Fucking hell. I mean, before you know it you’ll be camping in the car with your better half, cuddling to get warm underneath your single sleeping bag. A hand will drift, a kiss will linger, and the windows will start to steam up. As your fingers start to crawl southwards you’ll feel a little short on oxygen and crack the window just a mere millimetre to allow the flow of air to resume and you’ll get back to your partner, and start to slide your hand down her back towards her underpants but something will stop you. A small little squishy tumour which catches your attention on her sternum stops you, and when she leans back to check what’s stopping you, you’ll notice that she has magically grown a beard, only the beard is moving, and then the horror will begin. You’ll start slapping each other in what seems like a moment of extreme domestic abuse that you’ll struggle to explain to the police later and then start clawing at yourselves at the red swells accumulating on your wrists and ankles. She’ll scream and fall out of the car door, tits swinging in all directions as ten thousand black dots descend from nowhere and drag her kicking and screaming into the woods, only to remain as two massive trails of fingernails and blood in the soil, and as you cry out after your lover, the lead sandfly, Namu, will pull out a fucking revolver and demand you donate all of your blood to the swarm waiting patiently with their tiny bibs on and tiny cutlery poised, slowly licking their tiny lips with great anticipation, or you will be permanently disabled for life. And the skies will turn black.

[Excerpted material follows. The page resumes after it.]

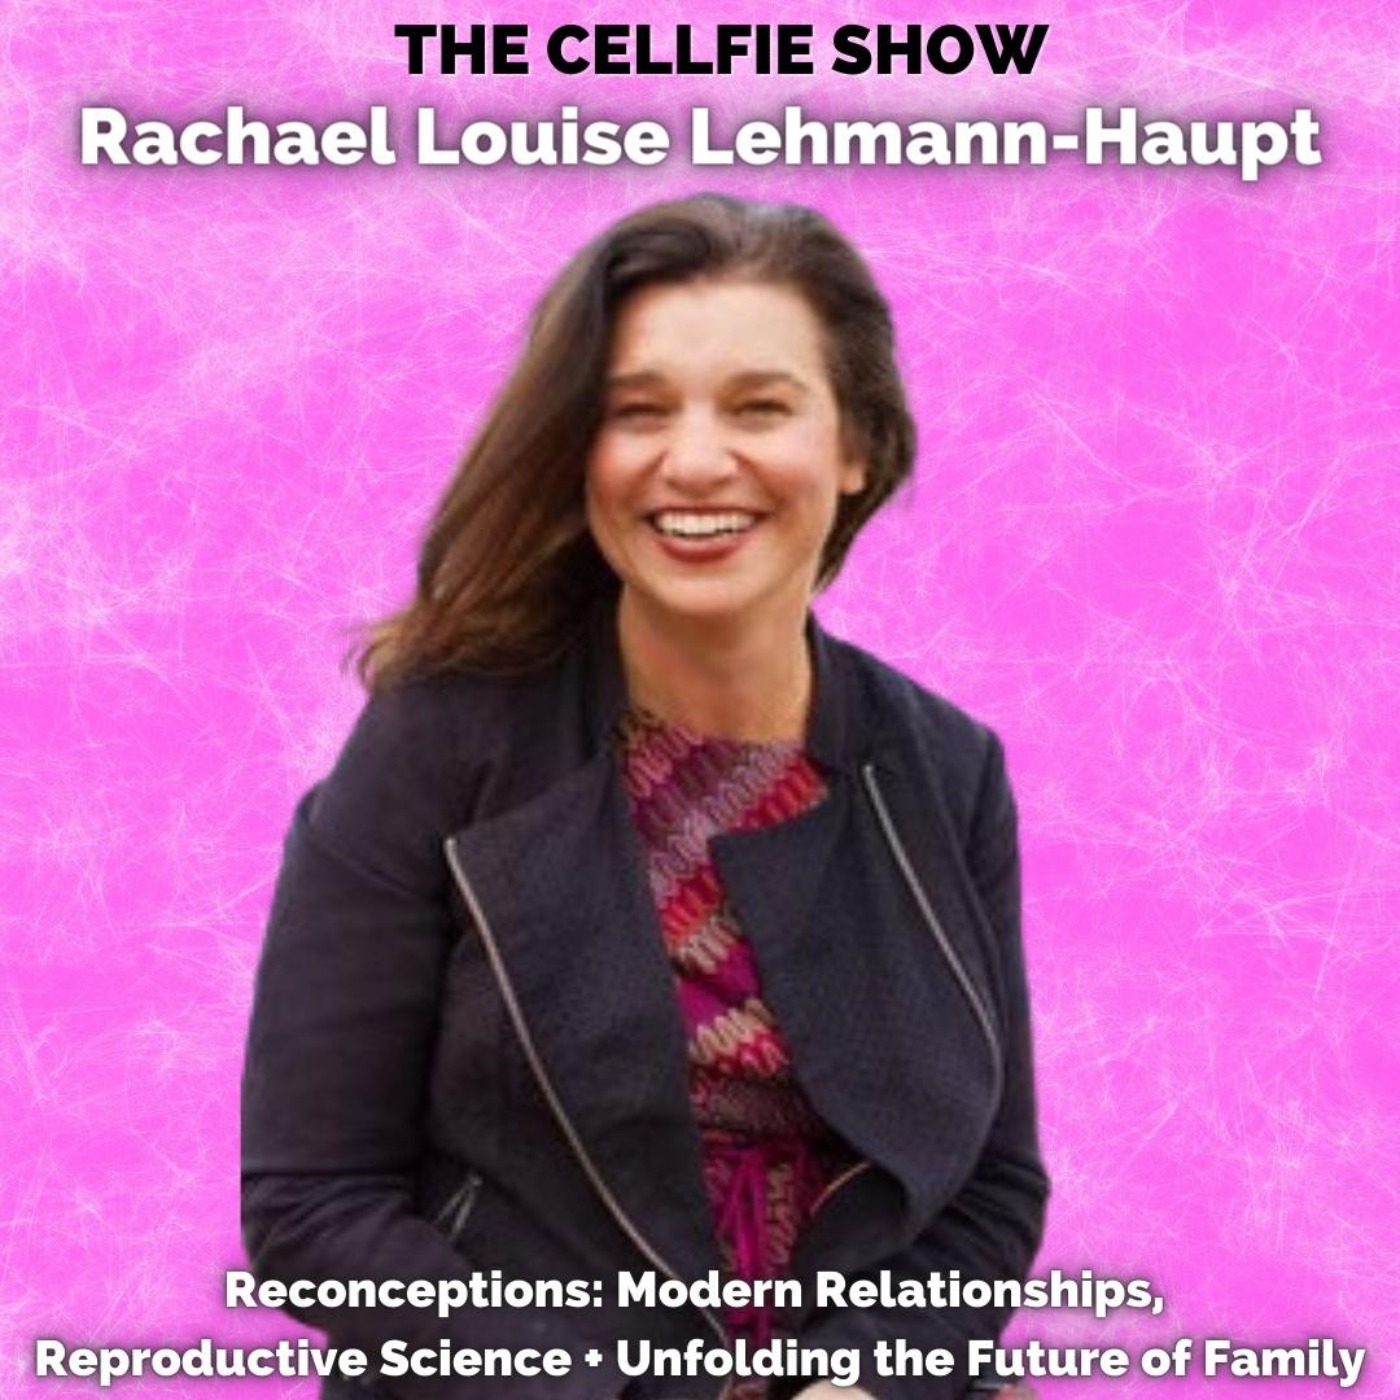 Single Motherhood by Choice. Modern Relationships. Reproductive Science. Unfolding the Future of Family with Rachael Louise Lehmann-Haupt

I mean, WHAT MORE DO YOU WANT FROM ME? You’ve violated my body, you’ve penetrated me and left me bleeding and in pain and begging to be put out of my fucking misery! Is my body not enough? Do you want my sanity as well? Well fuck it, just take it, just take it all. You can ravage my limp and lifeless corpse hanging from the ceiling beams and have a fucking banquet then. My last thoughts before kicking out the chair will be of scratching my foot. I hope you’re fucking pleased with yourselves, you bloodsucking scum.

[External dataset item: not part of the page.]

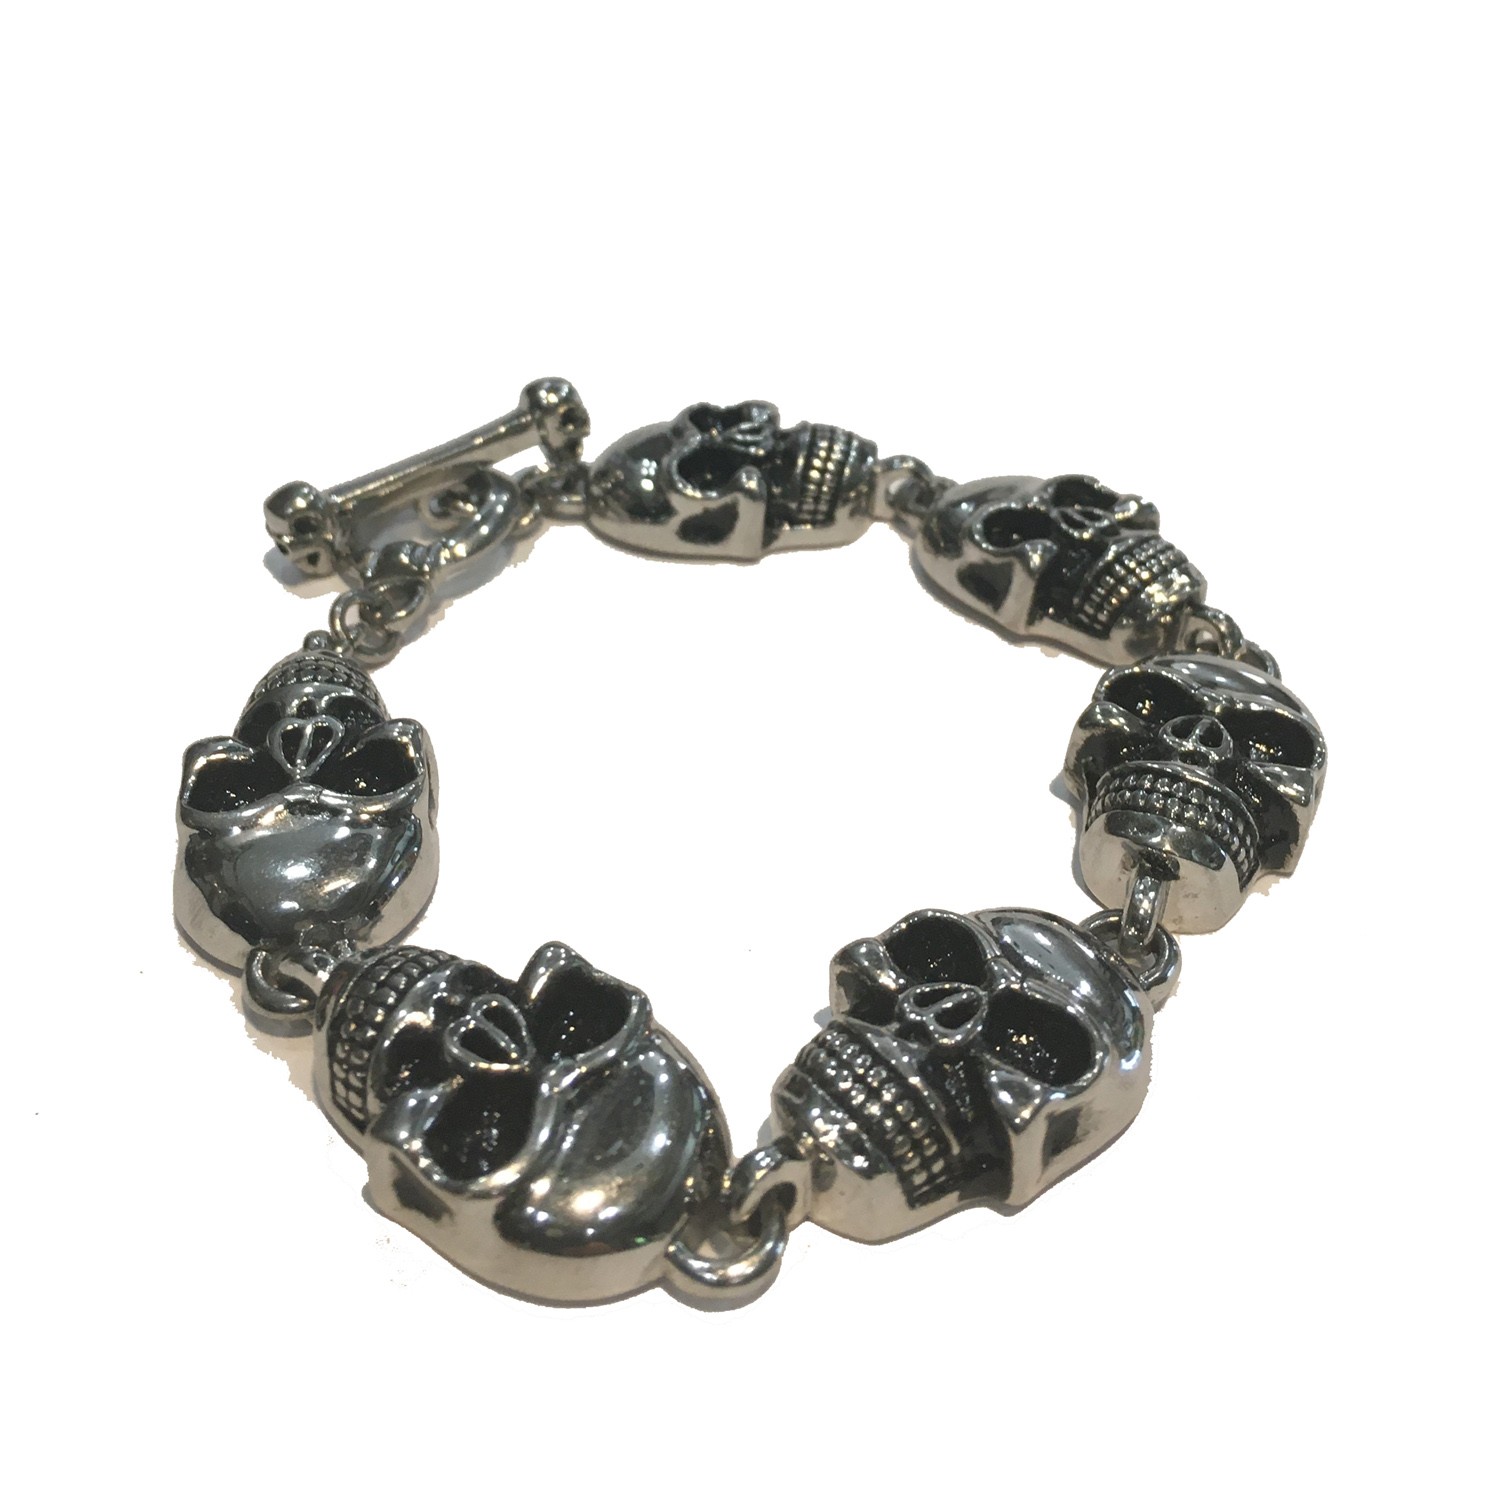 SKULL SILVER CHAIN UNISEX BRACELET WITH TOGGLE CLASP STAINLESS STEEL

The worst part is there is absolutely nothing you can do. I mean sure, there’s tropical grade insect repellent and mosquito nets and all that shit, and even a rumour about marmite, but you’ll still get bitten and you’ll be scratching yourself for days. I don’t know of a single traveller in New Zealand who hasn’t been bitten at least once. Sometimes, it helps to have a “victim” in your group who always gets bitten first by insects because their sacrifice will mean a world of comfort for you, but there’s always a stray who will find your exposed wrist. I’m pretty sure some of my closest friends were originally thought of as “the exposable victim” in the ongoing narrative of my mind.

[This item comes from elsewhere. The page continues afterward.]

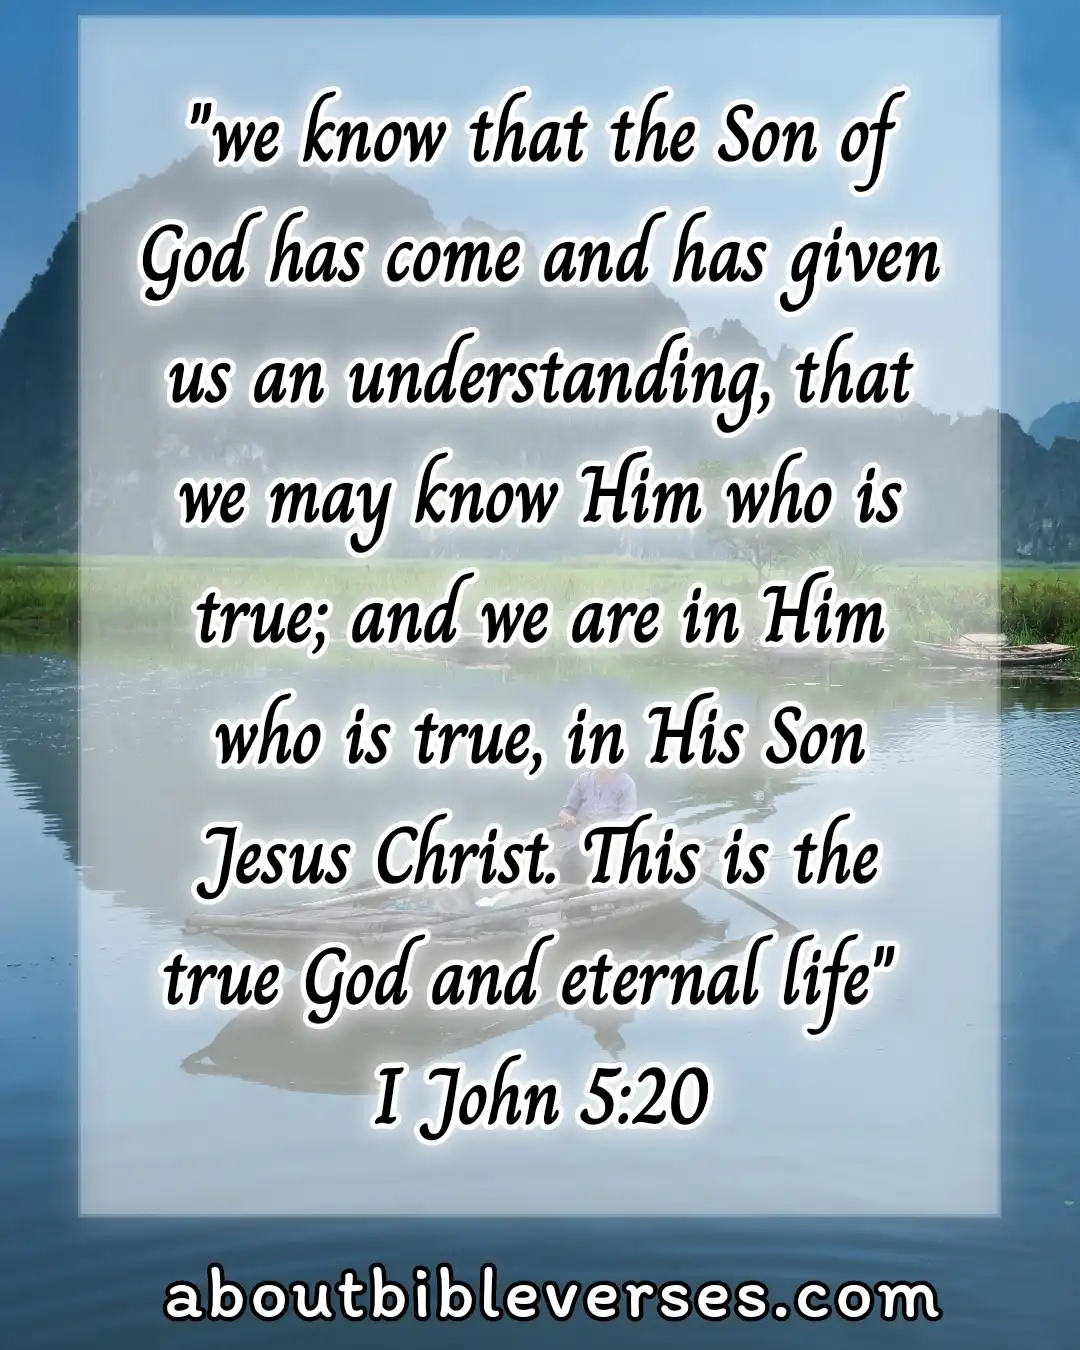 Bible Verses About The Trinity (1 John 5:20)

If you’re on the West Coast of New Zealand or just considering going there, please, for the love of God and all that is holy, be warned that these merciless barbarians will do all that is possible to ruin your holiday and to spill your blood in the name of their fucking sadistic sandfly god. But by all means, pack your insect repellent and armour up, because where the sandflies loiter tend to be extremely beautiful and unique locations that are well worth the pain you will endure.

And if you’re a sandfly and you’re reading this, please die.

The iconic Milford Sound is where the West Coast Sandfly most likes to hunt.